For those who have made genuine dietary progress, reduced their caloric intake, eliminated soda, reduced refined sugar consumption, brought inflammation down, and maybe even implemented Nature’s Intent to the fullest, but their weight loss has plateaued in ways you cannot otherwise explain, carbonated beverages are a reasonable variable to eliminate and observe. I should be clear that the recommendation here is not that sparkling water is equivalent to soda. It is not. The caloric reduction, the elimination of refined sugar, and the reduction in systemic inflammation that comes from removing conventional soft drinks are real benefits. The recommendation is simply that “zero calories” does not mean “zero hormonal consequences,” and for some individuals, particularly in certain metabolic states, that distinction may be exactly what the plateau is trying to communicate.
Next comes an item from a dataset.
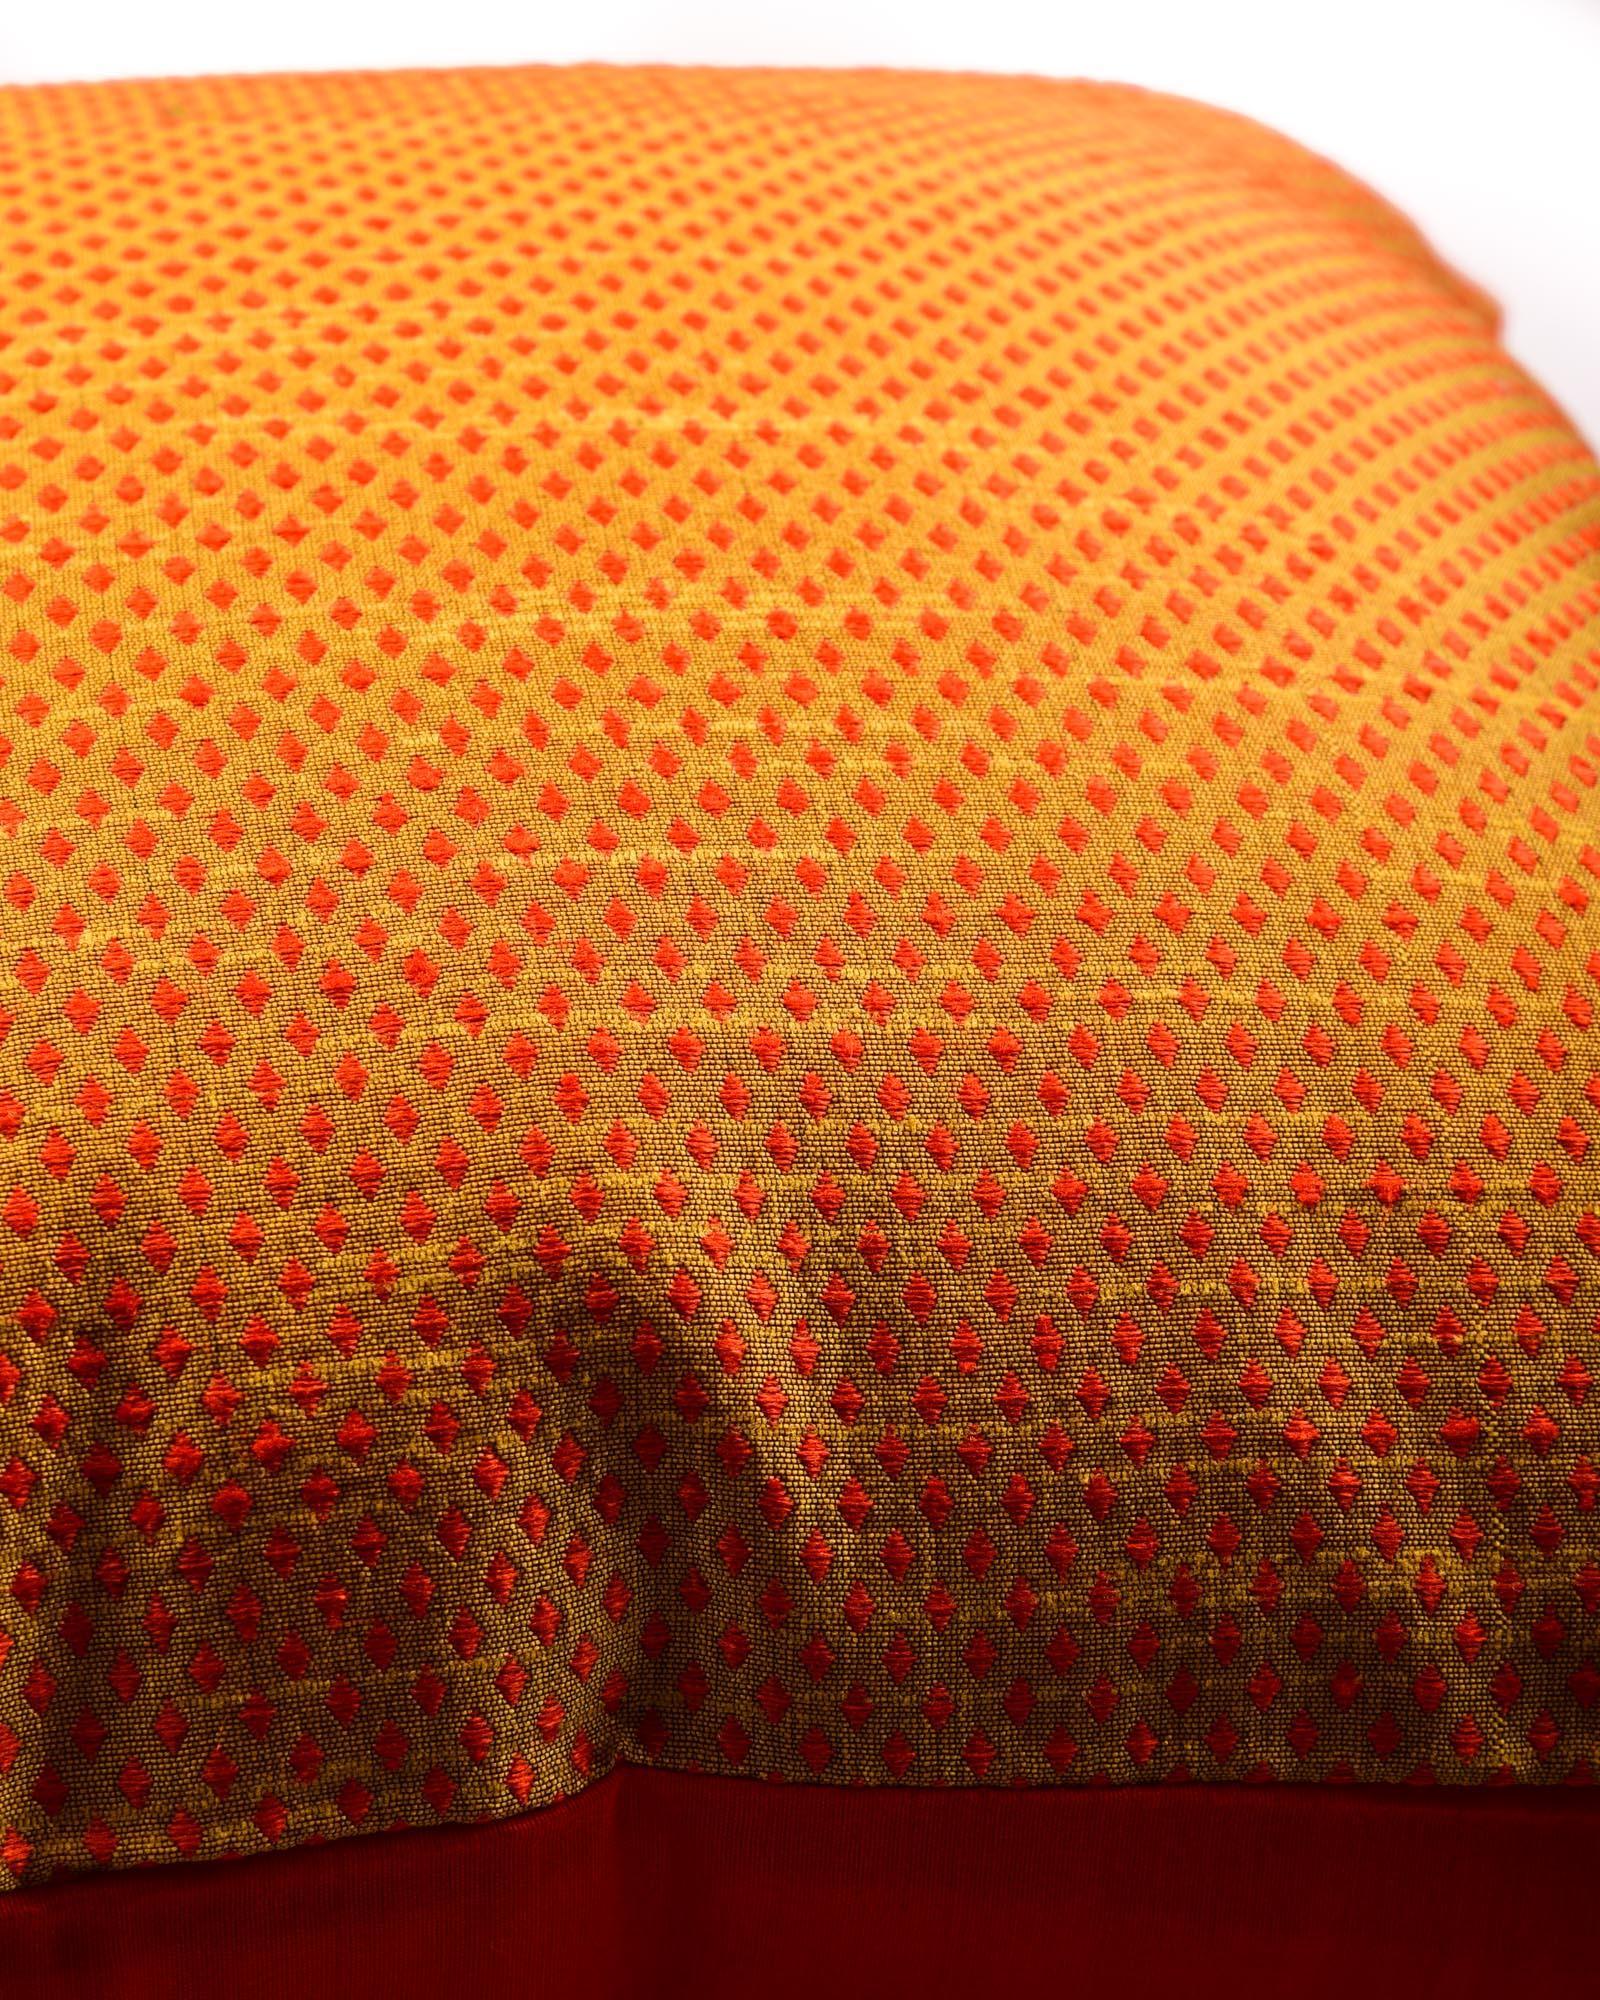 Mustard Yellow Banarasi Jacquard Poly Dupion Cushion Cover 16" - By HolyWeaves, Benares

If that describes the situation, simply try removing carbonated beverages entirely for 4 to 6 weeks and replacing them with spring water, herbal teas, or some other non-carbonated, zero-calorie options. Monitor not just weight but appetite patterns, cravings, and energy consistency. Those are important. The body communicates through those variables, too. And most importantly, remember that these communications often shift before the scale does.
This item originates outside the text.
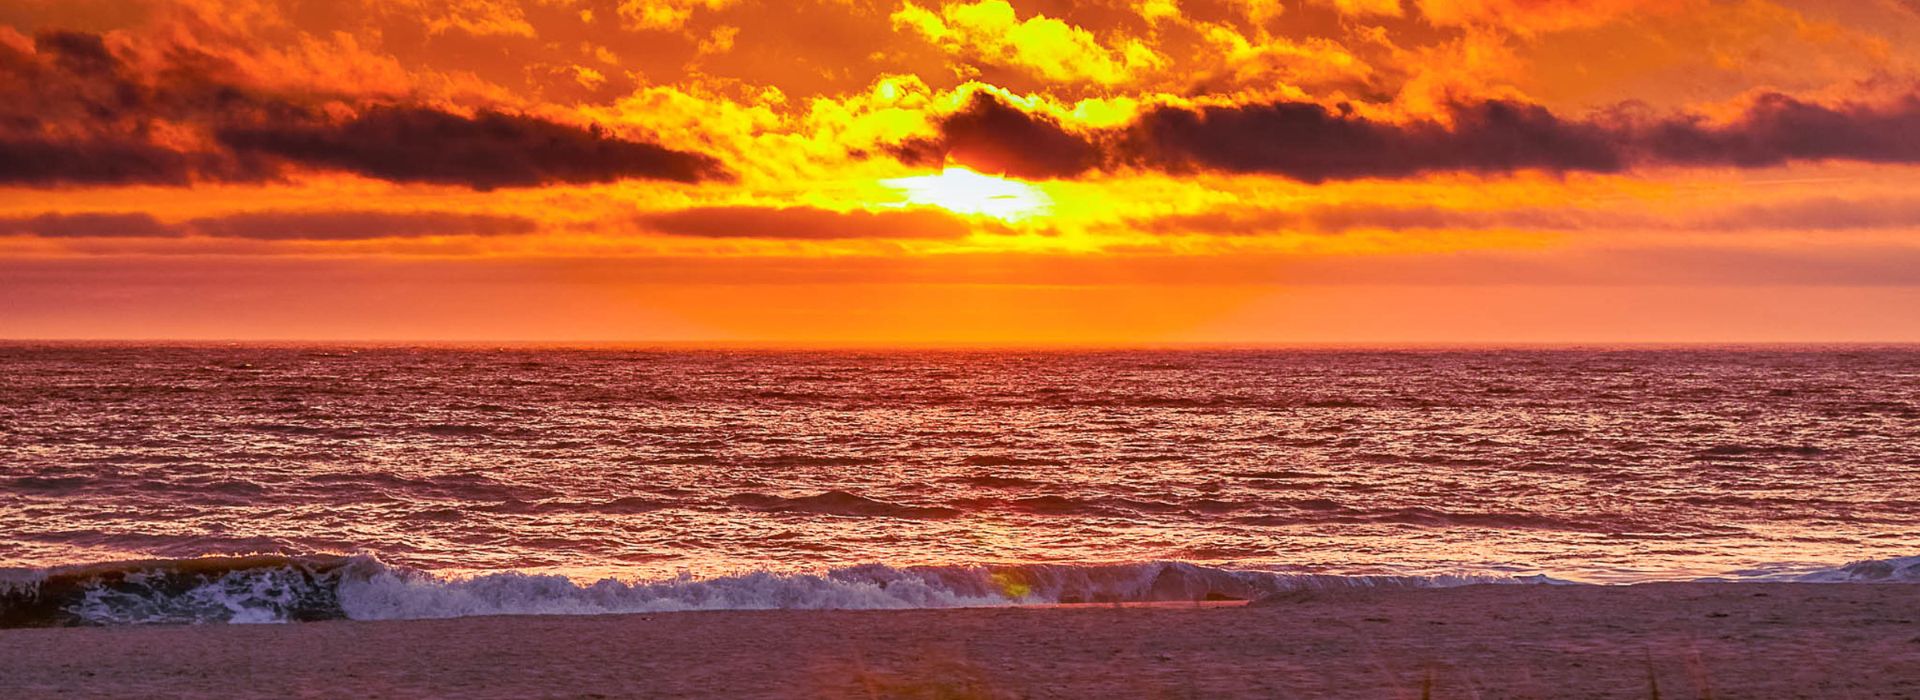 Rich orange sunset over the Atlantic ocean at Rehoboth Beach.

Of course, the broader lesson here applies well beyond this single dietary question. This is merely one example of many. The point is that reducing complex biological systems to one measurable variable, whether calories, macronutrients, or any other single marker, will always leave explanatory gaps. Those gaps are where stalled progress lives. Thankfully, thinking in systems does not require a graduate degree in endocrinology. It simply requires the willingness to ask what else might be happening and the discipline to follow the logic wherever it leads.
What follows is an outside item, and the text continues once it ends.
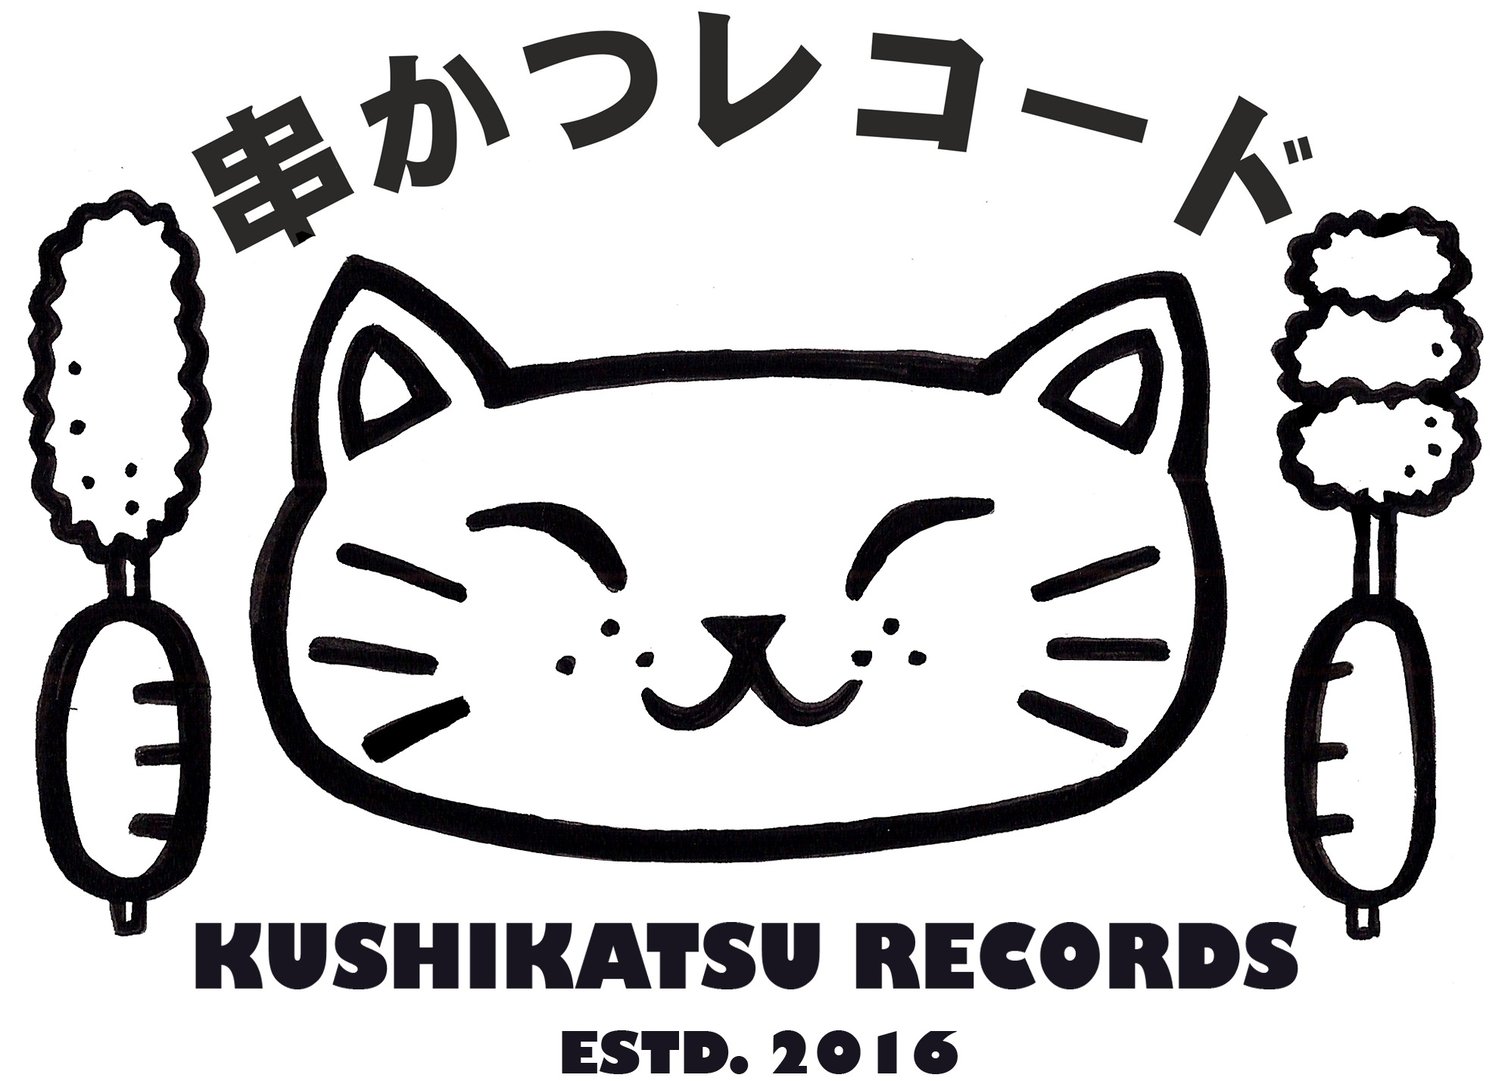 Kushikatsu Records

What the Research Does and Does Not Say

What has been presented here is admittedly speculative, but it is also absolutely defensible. However, intellectual honesty requires acknowledging the limits of the available evidence. Yes, the studies examining carbonation and ghrelin are small, and some might see this idea as rather novel. After all, no formal population study has traced the complete chain from carbonated beverage consumption to ghrelin elevation to cortisol to epigenetic modification of adipogenic pathways in a single human cohort. That would probably be somewhat difficult. That said, the clinical observation of individuals who have stalled in their weight-loss journey despite meaningful behavior change, including the elimination of conventional soft drinks, is itself a data point worth taking seriously.

Regardless, what can be said with confidence is that each link in that chain is independently supported by existing research. For example, the ghrelin–ACTH–cortisol connection is well documented (Azzam et al., 2017; Giordano et al., 2004; Schmid et al., 2005). Cortisol’s capacity to modify gene expression in adipogenic pathways has been documented (Campbell et al., 2011; Lee, Harris, & Wang, 2018; Wan et al., 2024). The ghrelin-insulin antagonism is documented (Meyer, 2010; Tong et al., 2010). Gastric mechanoreceptor activation by carbonation and its downstream hormonal effects are documented, if understudied (Eweis, Abed, & Stiban, 2017; Pouderoux et al., 1997). Well, if we put the pieces together, it probably looks something more like this:

Understand my motive here. I am not trying to stir the pot. This article simply presents the systems argument as a logical assembly of established mechanisms. The absence of a study that simultaneously connects all links is merely a gap in the literature, not evidence that the chain doesn’t exist. In fact, this would probably be a great topic for those with university funding to explore. Either way, just remember that the absence of evidence is not evidence of absence.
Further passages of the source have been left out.